Young asked for the same light duty. UPS’s occupational health manager told her that she would not be allowed to work during her pregnancy because she couldn’t satisfy the lifting requirements (sometimes of packages weighing up to 70 pounds). Another manager confirmed that she was “too much of a liability.”

So Young stayed home for the remainder of her pregnancy. She also promptly sued UPS, alleging that UPS’s refusal to give her light duty was intentional discrimination. Her theory was that UPS gave light duty to certain other employees, but not pregnant employees. That, she claimed, violated the Pregnancy Discrimination Act (“PDA”), a 1978 law amending Title VII of the Civil Rights Act of 1964, which prohibits intentional sex discrimination. The PDA contains these magic words: “women affected by pregnancy, childbirth, or related medical conditions shall be treated the same for all employment-related purposes . . . as other persons not so affected but similar in their ability or inability to work[.]”

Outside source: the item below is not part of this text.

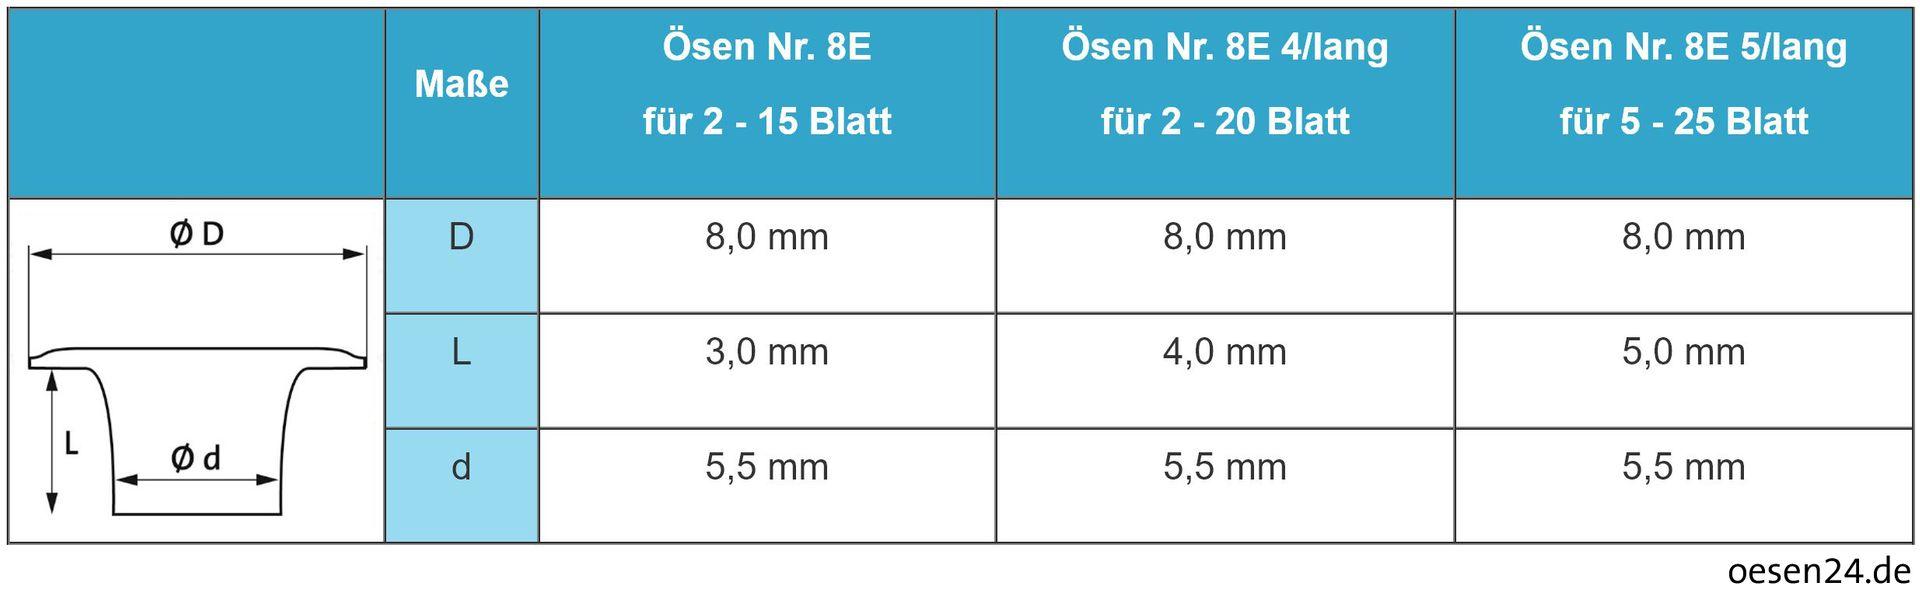 Hang elektrische Ösmaschine Piccostar 102-50 für Ösen Nr. 8E, 8E/4 und 8E/5 – Bild 2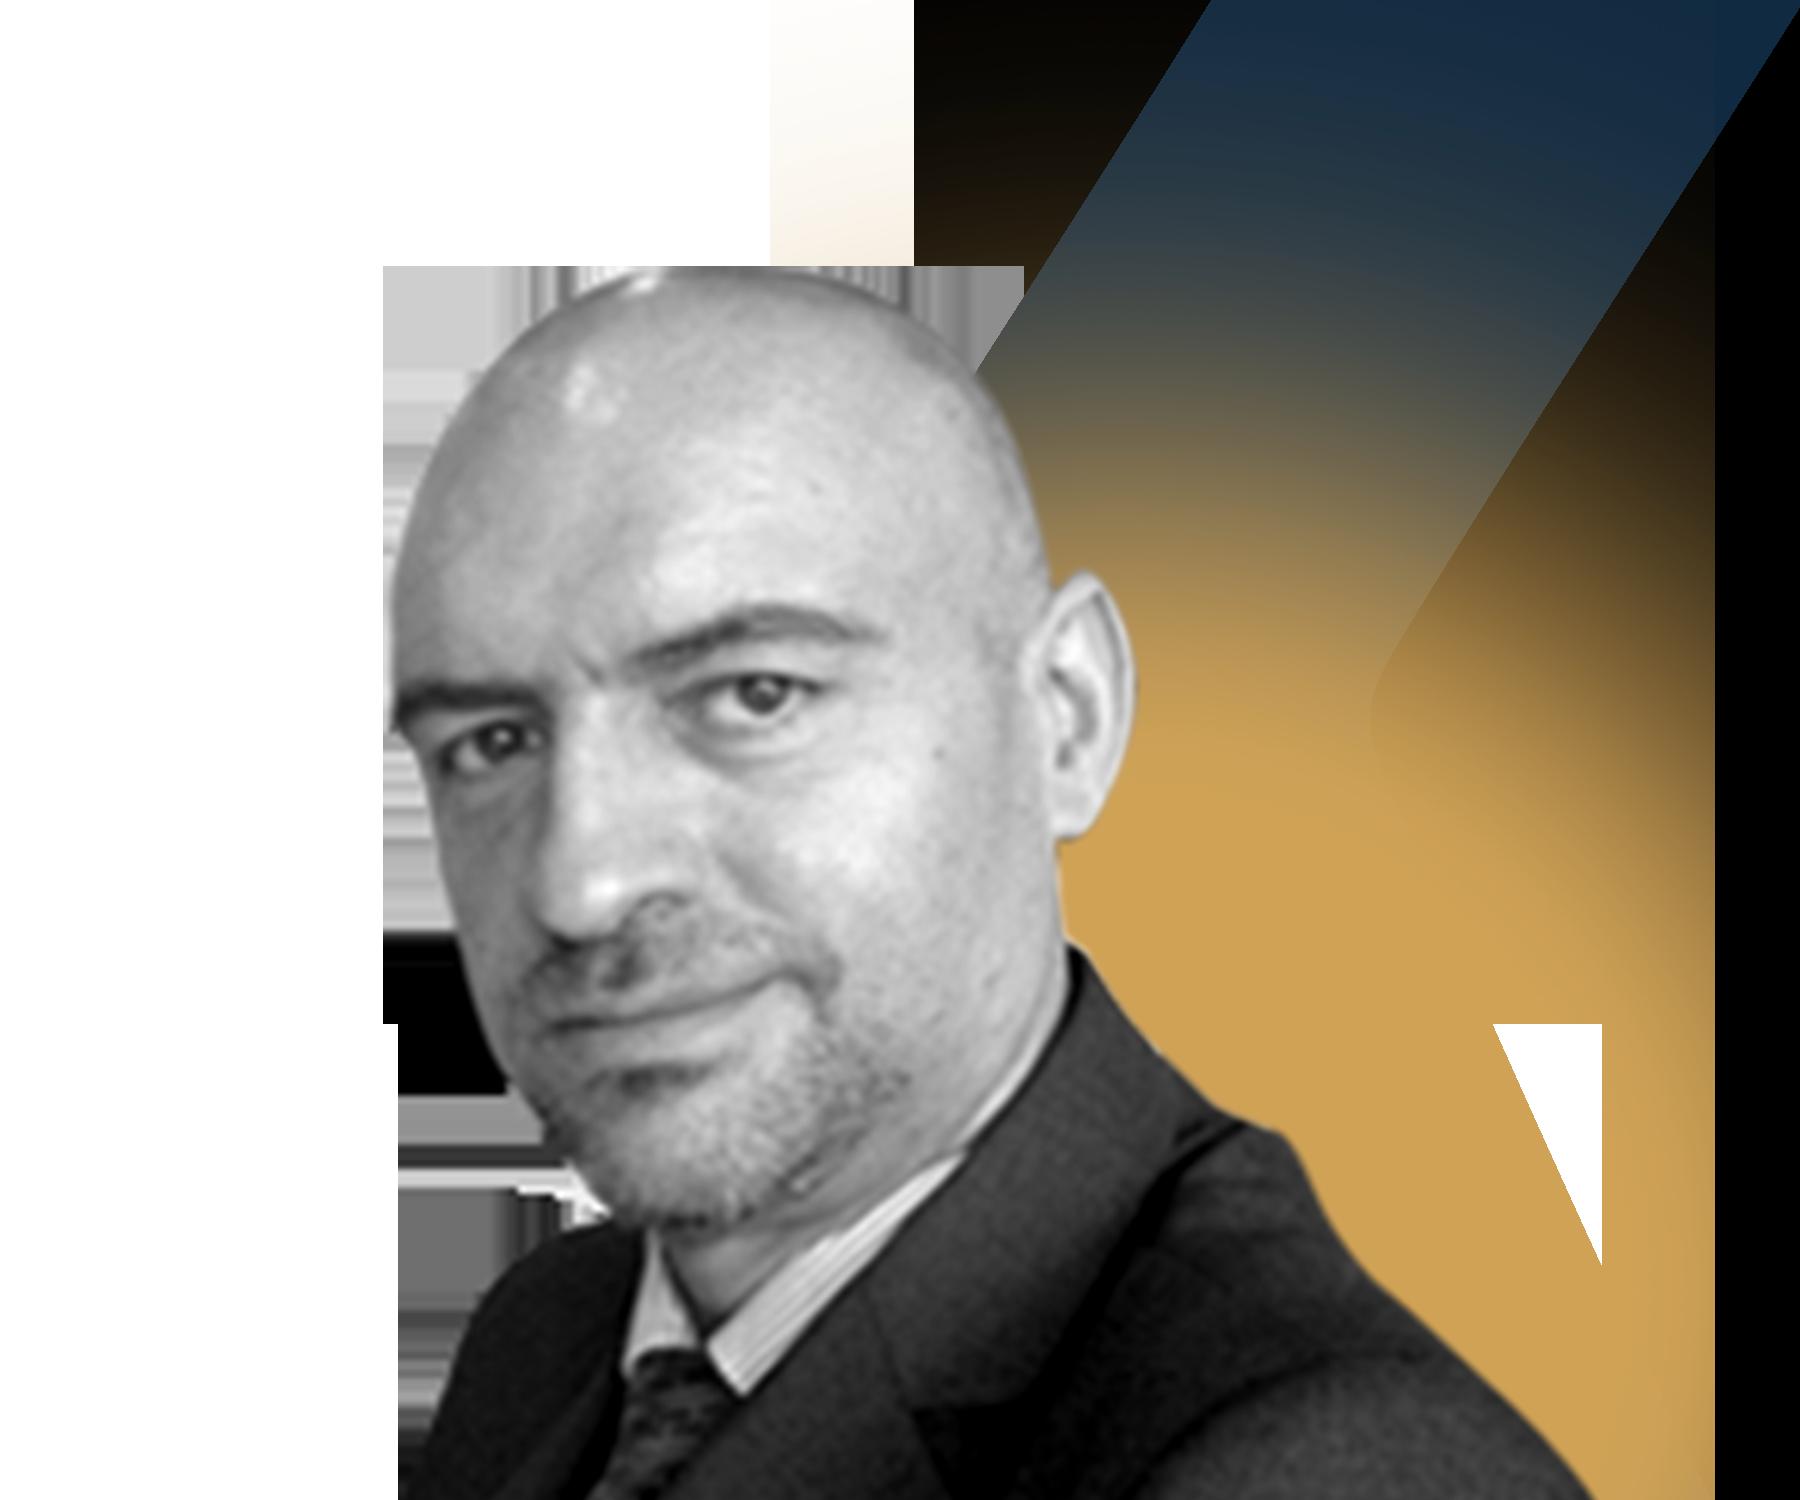 FLAVIO CATENI, Advisor on corporate DB Pensions and Financial & Control (former Pirelli UK CFO and Pirelli Spa Head of several Controlling & Reporting areas)

In court, Young argued that UPS’s refusal to give her light duty meant that she was not “treated the same” as “other persons” (like disabled employees, or those who had lost DOT certifications) who were “similar in their . . . inability to work.”  UPS said that, since Young was not in the categories of employees for whom UPS gave light duty, UPS hadn’t discriminated against her at all – it had simply treated her like any other “relevant” person who didn’t fall within a covered category. UPS’s argument convinced the trial court, which granted summary judgment, and the Fourth Circuit Court of Appeals, which affirmed the lower court’s decision.

But today, the Supreme Court disagreed. Justice Stephen Breyer’s majority opinion was, in some sense, critical of the positions of both Young and UPS. Young’s argument that as long as an employer accommodates only a subset of workers, pregnant workers must receive the same treatment “proves too much”: according to the Court, the fact that the PDA requires an employer to treat pregnant workers the same as “other persons” doesn’t mean it must treat a pregnant worker the same as “any other person.” That means that if an employer grants an accommodation or benefit to a single employee, the law doesn’t require an employer to automatically give pregnant employees the same thing.